Finally, several studies have now found that
school averages are extremely volatile and that large gains from one
year to the next can be followed by declines in the following year,
especially in small schools, rendering decisions about school
rewards and sanctions invalid (Bolon, 2001; Haney, 2002; Kane &
Staiger, 2001). Because
of inevitable limitations of test reliability and validity for
making high stakes decisions, the American Psychological
Association, American Educational Research Association, and the
National Council on Measurement in Education have issued standards
for the use of tests.
These standards state that test scores should not be used as
the sole source of information for any major decision about student
placement or promotion. A recent report of the National Research
Council on high stakes testing summarized appropriate policy as
follows:
Scores
from large-scale assessments should never be the only sources of
information used to make a promotion or retention decision…. Test
scores should always be used in combination with other sources of
information about student achievement (Hauser & Heubert, 1999,
p. 286).
Mid-course corrections should encourage states to
follow these professional standards for the uses of tests, as a
number of states already have.
(See, for example, discussion of Connecticut’s policies
below.) Interestingly,
despite the common view that tests will only be meaningful if they
are used to allocate rewards and punishments to individuals and
organizations, these states have seen growth in student performance
without the inappropriate use of test scores for purposes they
cannot serve well.
States should be encouraged to:
·
Use local, school-based measures (including
first-hand assessments of performance) as an important component of
all placement and graduation decisions;
·
Prohibit the use of test scores as single
arbiters of decisions about students, teachers, or schools;
·
Use analyses of (value-added) individual
gain scores over time in lieu of aggregated cross-sectional measures
(such as grade level averages or proportions of students meeting cut
scores) for understanding school trends. Include multiple measures of
learning and participation in school for evaluating school
trends;
·
Use assessment data to trigger additional
supports for students who are struggling and for schools in need of
additional supports rather than for allocating sanctions.
A CASE EXAMPLE -
CONNECTICUT
Connecticut
provides an especially instructive example of how state level policy
makers have used a standards-based starting point to upgrade
teachers’ knowledge and skills as a means of improving student
learning. Since the
early 1980s, the state has pursued a purposeful and comprehensive
teaching quality agenda, using teaching standards, followed later by
student standards, to guide investments in school finance
equalization, teacher salary increases tied to higher standards for
teacher education and licensing, curriculum and assessment reforms,
and a teacher support and assessment system that strengthened
professional development (Wilson, Darling-Hammond, & Berry,
2001).
By 1998,
Connecticut’s 4th grade students ranked first in the nation in
reading and mathematics on the National Assessment of Educational
Progress (NAEP), despite increased student poverty and language
diversity in the state’s public schools during that decade (NCES,
1997; NEGP, 1999).
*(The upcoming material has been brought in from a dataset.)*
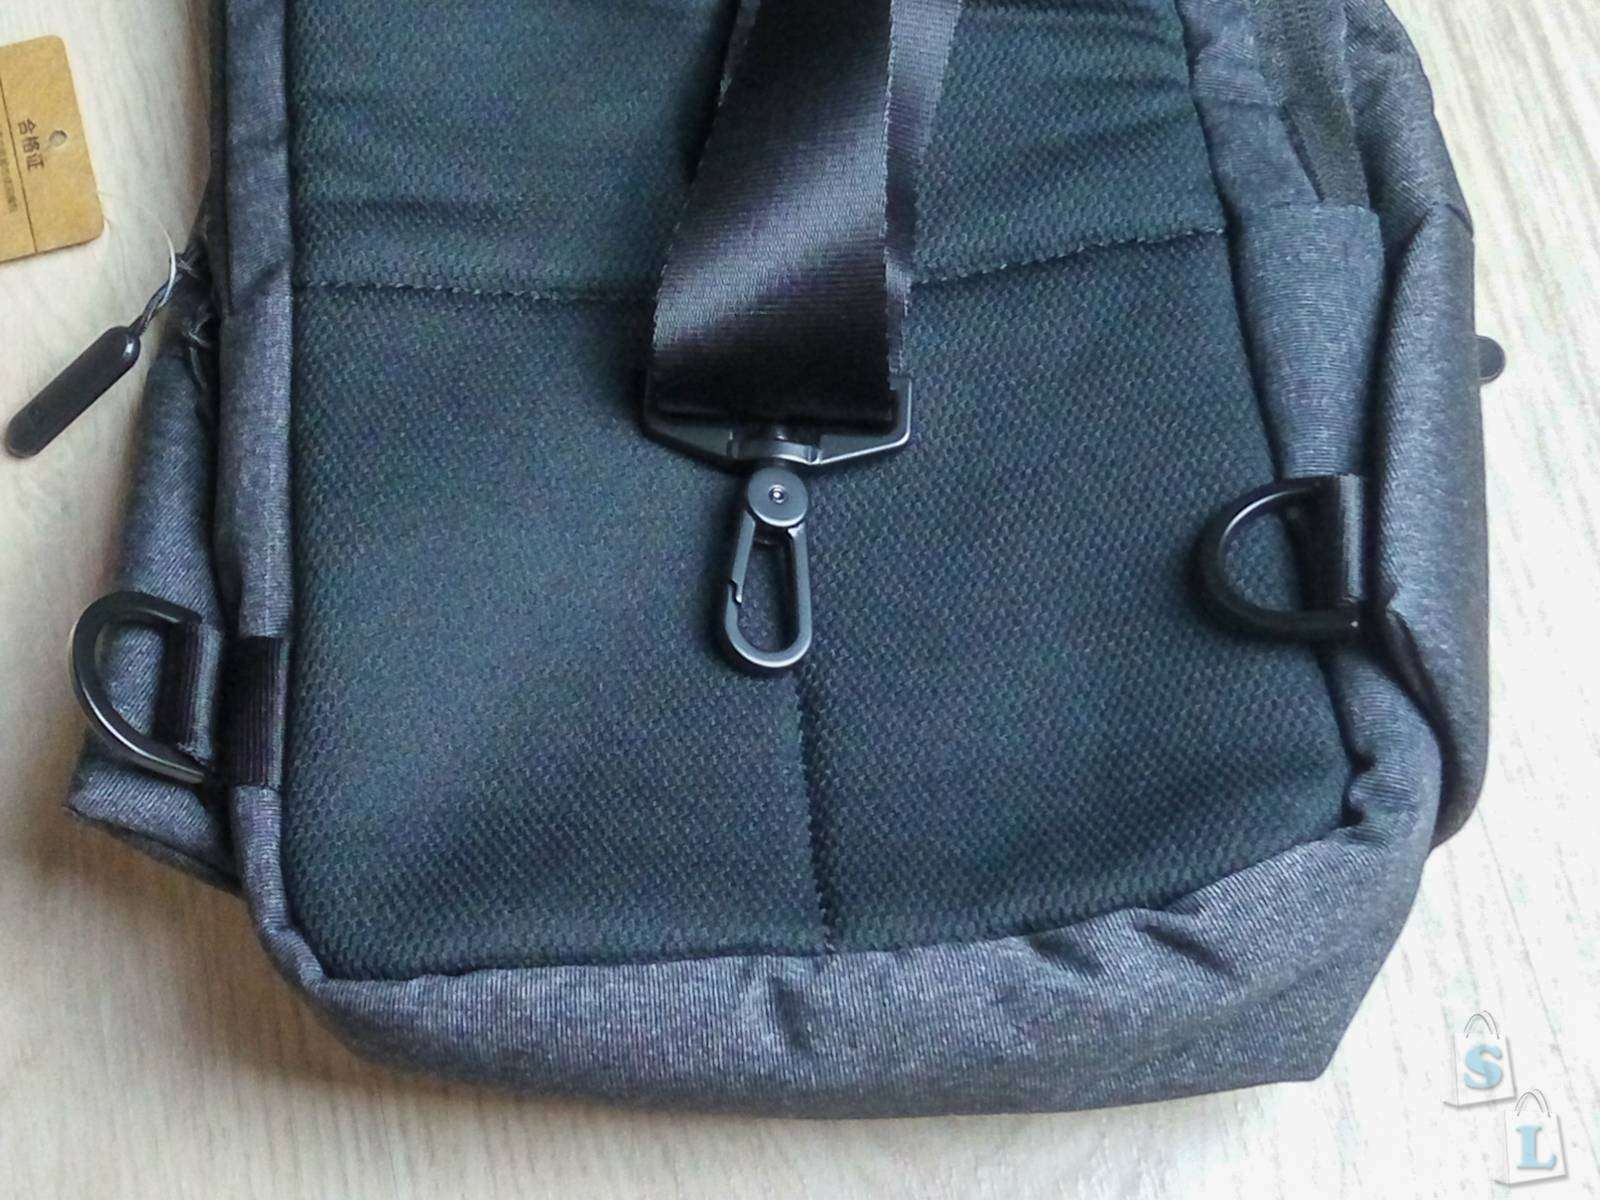 7ba73d836875 Как мы уже упоминали ранее, внутри Meizu Backpack расположены четыре  отделения, два из которых основные, а еще два – дополнительные.
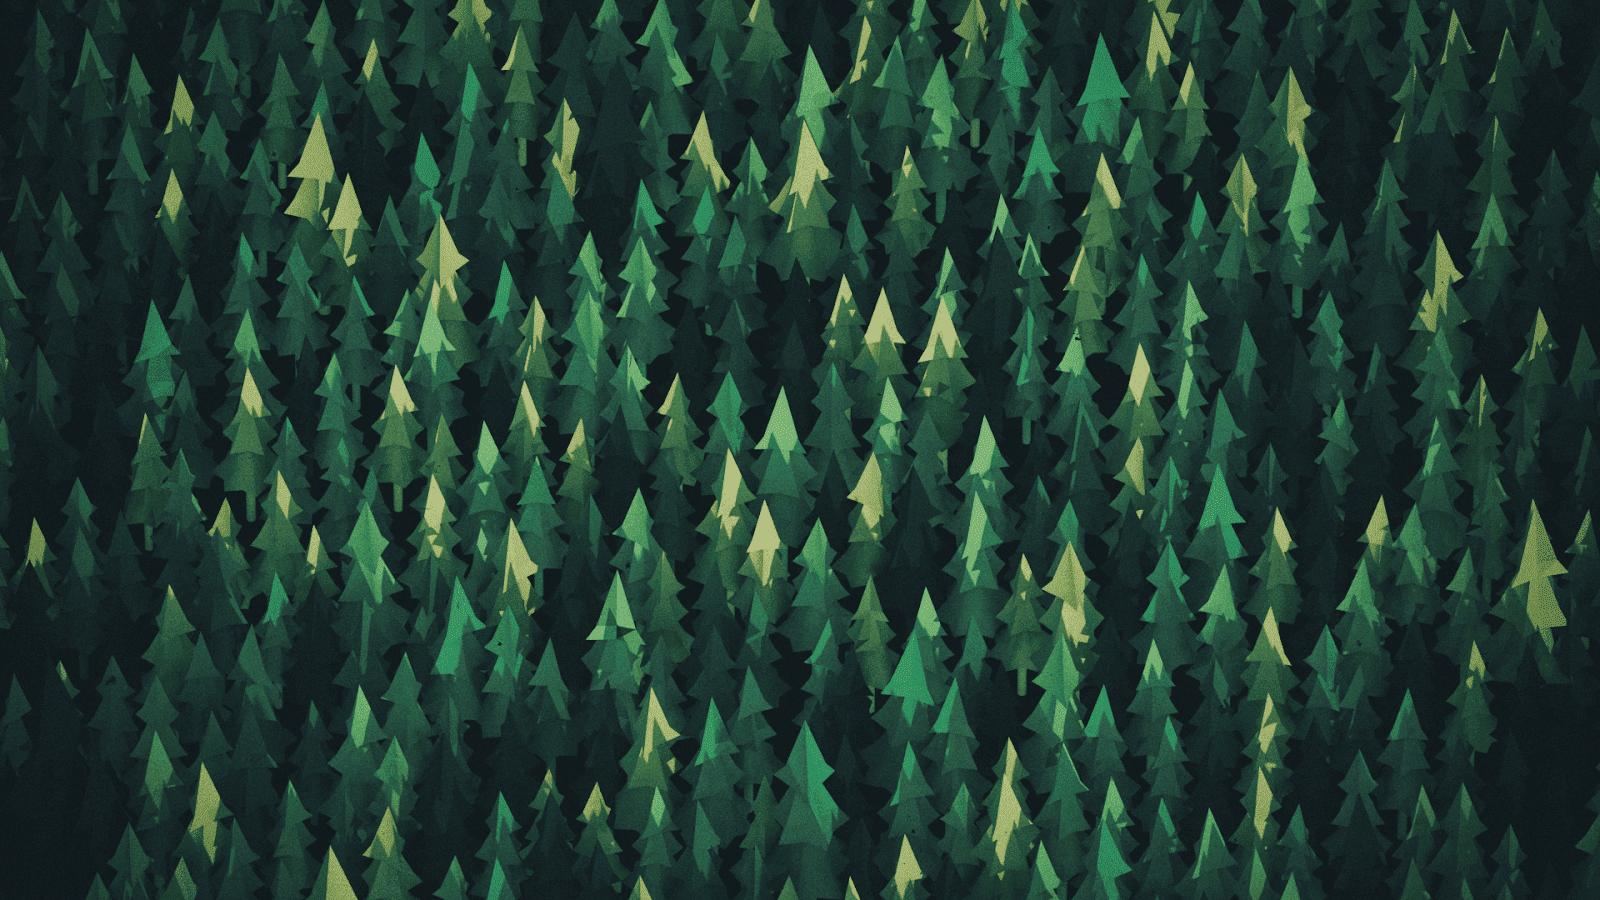 4K Minimalist Wallpapers

In
addition, the proportion of Connecticut 8th graders scoring at or
above proficient in reading was first in the nation; Connecticut was
also the top performing state in writing and science. The achievement gap between
white students and the large and growing minority student population
has been shrinking, and the more than 1/4 of Connecticut’s students
who are black or Hispanic substantially outperform their
counterparts nationally (Baron, 1999).
Connecticut’s
preparation, licensing, and mentoring requirements – which are
tightly connected to its student standards – ensure that all
entering teachers have strong content and pedagogical knowledge to
enable them to teach a wide range of diverse learners well –
including those who have special education needs and those who are
English language learners.
In addition to strong standards for preservice education and
initial licensing, portfolio assessments for beginning teacher
licensing, modeled on the National Board process, examine how a
teacher can teach to Connecticut’s student learning standards in
each content area in which the teacher is assigned.
Student
assessments are aimed at higher order thinking and performance
skills embedded in state standards and are used to evaluate and
continually improve practice.
While the highly public reporting system places strong
pressure on districts and schools to improve their practice, the
student assessments are not used for rewards or punishments for
students, teachers, or schools. In evaluating the reasons
for Connecticut’s success, a National Education Goals Panel report
noted the benefits of the state’s low-stakes testing approach, which
precludes the use of test scores for graduation or promotion. This
has allowed the measurement of more ambitious skills and the
encouragement of more strategies for examining student
performance. The
state requires that each district develop its own assessment
criteria for graduation, which criteria must include but “may not be
exclusively based on” the results of the 10th grade mastery
examination. The use of
multiple measures, including local assessments and
curriculum-embedded performances, is encouraged.[[3]]
The assessment
system emphasizes reporting and analysis strategies that focus on
curriculum and teaching reforms, including widespread professional
development; the use of authentic measures of reading and writing on
the state tests; the wide dissemination of the standards and test
objectives along with widespread professional development around
literacy and the teaching of reading; and support to districts and
schools to disaggregate and analyze their data in ways that permit
diagnosis of student needs and curriculum effects (Baron,
1999). The state then
provides targeted resources to the neediest districts to help them
improve, including funding for professional development for teachers
and administrators, preschool and all-day kindergarten for students,
and smaller pupil-teacher ratios. Rather than pursue a
punitive approach that creates dysfunctional responses without
generating learning, Connecticut has made ongoing investments in
improving teaching and schooling through high standards and high
supports.
CONCLUSIONS
Mid-course corrections
to standard-based reforms are needed to develop more productive
systems of accountability for student learning. These should focus on
·
assessing meaningful learning using
high-quality measures tied to standards and supplemented by local
indicators of learning;
·
using assessment data to inform curriculum
reform and guide invests rather than to punish students and schools
for low-performance;
·
developing high-quality teaching in schools
that provide equitable access to curriculum that can enable students to
learn the standards.
REFERENCES
Allington, Richard L.
and Anne McGill-Franzen (1992). Unintended effects of educational
reform in New York. Educational Policy, 6 (4), 397-414.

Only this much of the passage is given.